A haplotype (haplo: from Ancient Greek ἁπλόος (haplóos, “single, simple”) is a contiguous section of closely linked segments of DNA within the larger genome that tend to be inherited together as a unit on a single chromosome. Haplotypes have no defined size and can refer to anything from a few closely linked loci up to an entire chromosome. The term is also used to describe groups of single-nucleotide polymorphisms (SNPs) that are statistically associated. Most of the knowledge of SNP association comes from the effort of the International HapMap Project, which has proved itself a powerful resource in the development of a publicly accessible database of human genetic variation.

Phasing

Phasing is the process of identifying the individual complement of homologous chromosomes. Methods for phasing include pedigree analysis, allele-specific PCR, linkage emulsion PCR haplotype analysis, [2] polony PCR, [3] sperm typing, bacterial artificial chromosome cloning, construction of somatic cell hybrids, atomic force microscopy, among others. Haplotype phasing can also be achieved through computational inference methods.

Microfluidics

Microfluidics refers to the use of micro-sized channels on a micro-electro-mechanical system (MEMS). [4] Microfluidic channels have a diameter of 10-100μm, making it possible to manipulate and analyze minute volumes. This technology combines engineering, physics, chemistry, biology, and optics. Over the past decades it has revolutionized micro and nanoscale biology, genetics and proteomics. Microfluidic devices can combine several analytical steps into one device. This technology has been coined by some as the "lab on a chip" technology. Most current molecular biology methods use some form of MEMS, including microarray technology and next generation sequencing instruments.

Microfluidic direct deterministic phasing

Principle

Direct deterministic phasing of individual chromosomes can be achieved by isolating single chromosomes for genetic analysis through the use of a microfluidic device. [5]

Methods

Workflow of microfluidic whole genome chromosome isolation and amplification. Not at scale MicrofluidicsII.png
Workflow of microfluidic whole genome chromosome isolation and amplification. Not at scale

A single metaphase cell is isolated from solution.
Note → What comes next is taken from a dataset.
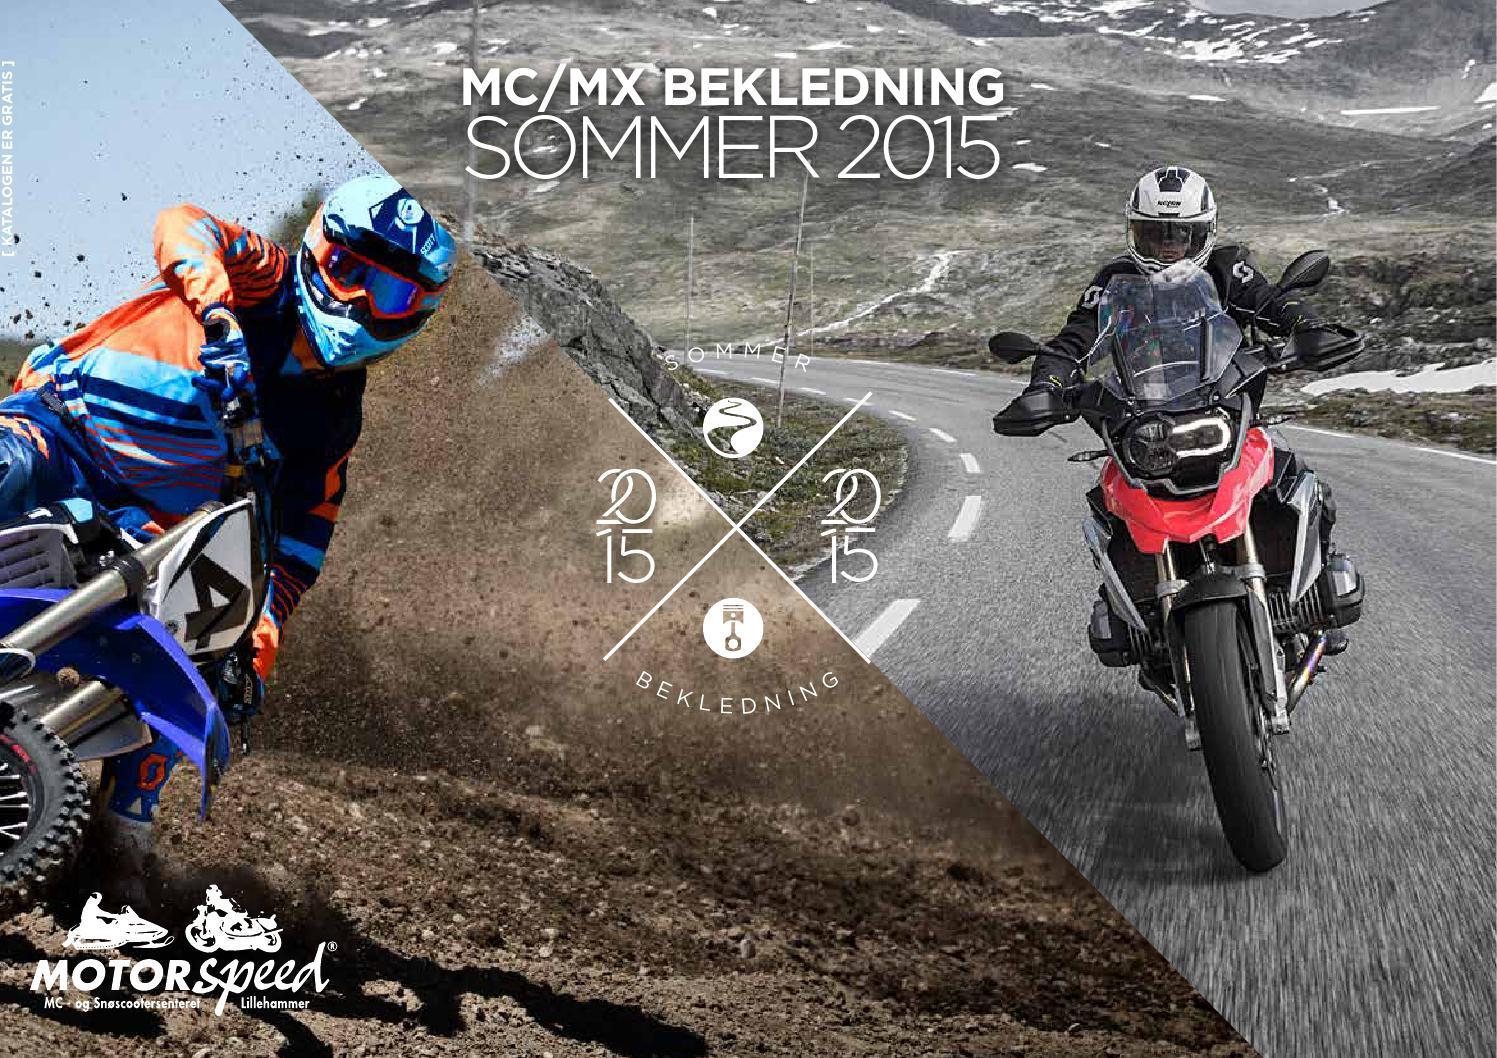 39a7e2fc6 Motorspeed - MC/MX Bekledning Sommer 2015 by Motorspeed AS - issuu
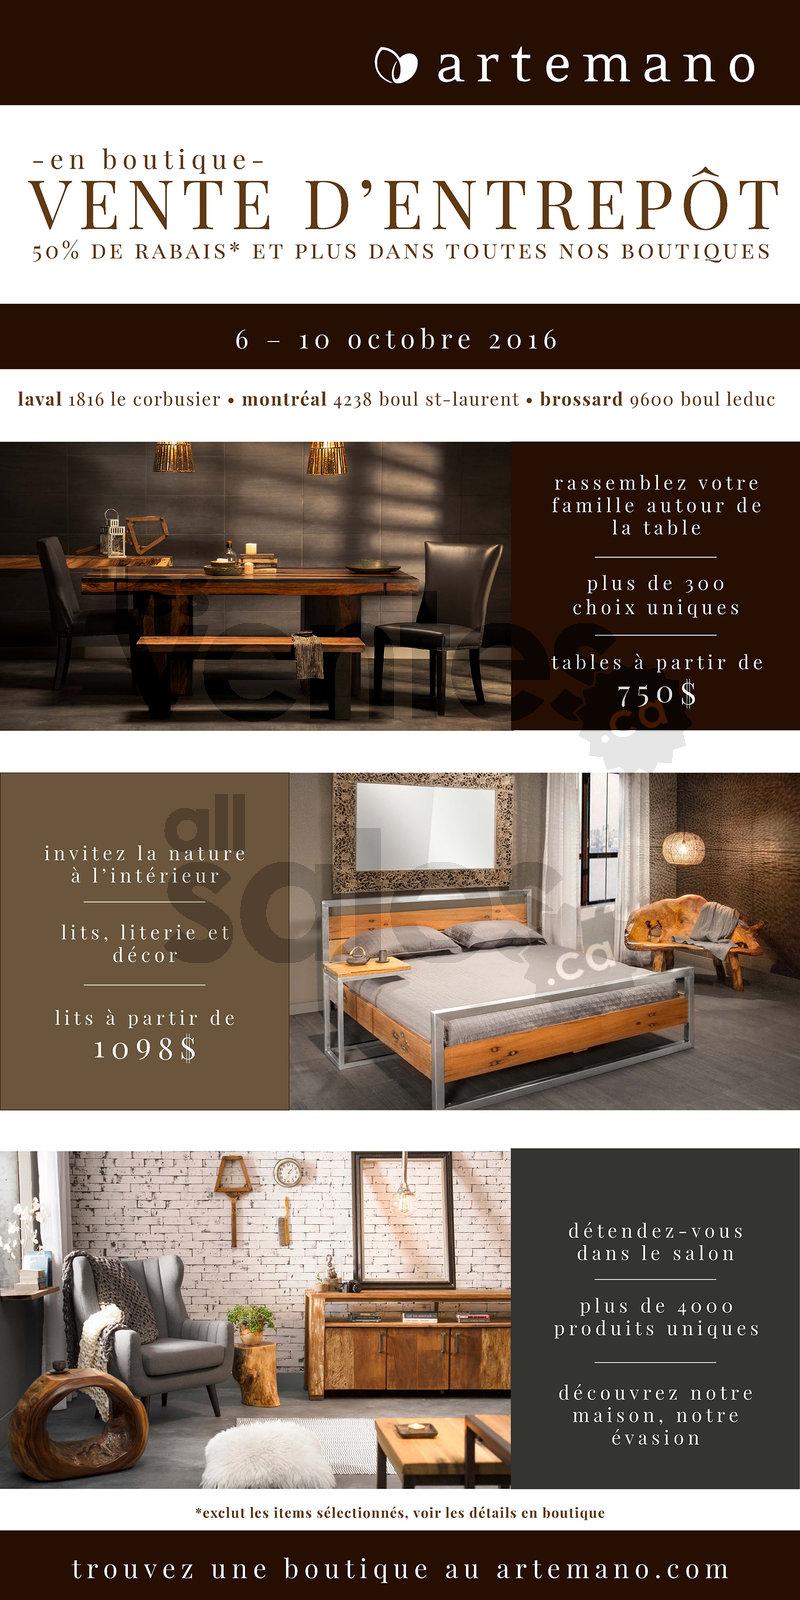 vente d 39 entrep t artemano rabais 50. Black Bedroom Furniture Sets. Home Design Ideas

The chromosomes are then released from the nucleus, and the cytoplasm is digested enzymatically. Next, the chromosome suspension is directed towards multiple partitioning channels. The chromosomes are physically directed into the partitioning channels using a series of valves. In the first description of this technique, Fan et al. designed a custom-made program (MatLab) to control this process. Once separated, the chromosomes are prepared for amplification by sequential addition and washout of trypsin, denaturation buffer and neutralization solution. The DNA is then ready for further processing. Because of the small amount of DNA, amplification needs to be performed using kits specialized for very small initial DNA quantities. The amplified DNA is flushed out of the microfluidic device and solubilized by the addition of a buffer. The amplified DNA can now be analyzed by various methods.

Once the chromosomes have been isolated and amplified any molecular haplotyping can be applied as long as the chromosomes remain distinct. This could be accomplished by keeping them physically separated, or identifying each sample by genotyping. Once each chromosome has been identified each pair of homologs can be assorted into one of two haploid genomes.

Applications

Microfluidic direct deterministic phasing allows all the chromosomes to be isolated in the same experiment. This unique feature suggests possible applications within clinical, research and personal genomics realms. Some of the possible clinical applications for this technique include phasing of multiple mutations when parental samples are unavailable, preimplantation genetic diagnosis, prenatal diagnosis and in the characterization of cancer cells.

Whole genome haplotyping through microfluidics will increase the rate of discovery within the HapMap project, and provides an opportunity for corroboration and error detection within the existing database. It will further inform genetic association studies.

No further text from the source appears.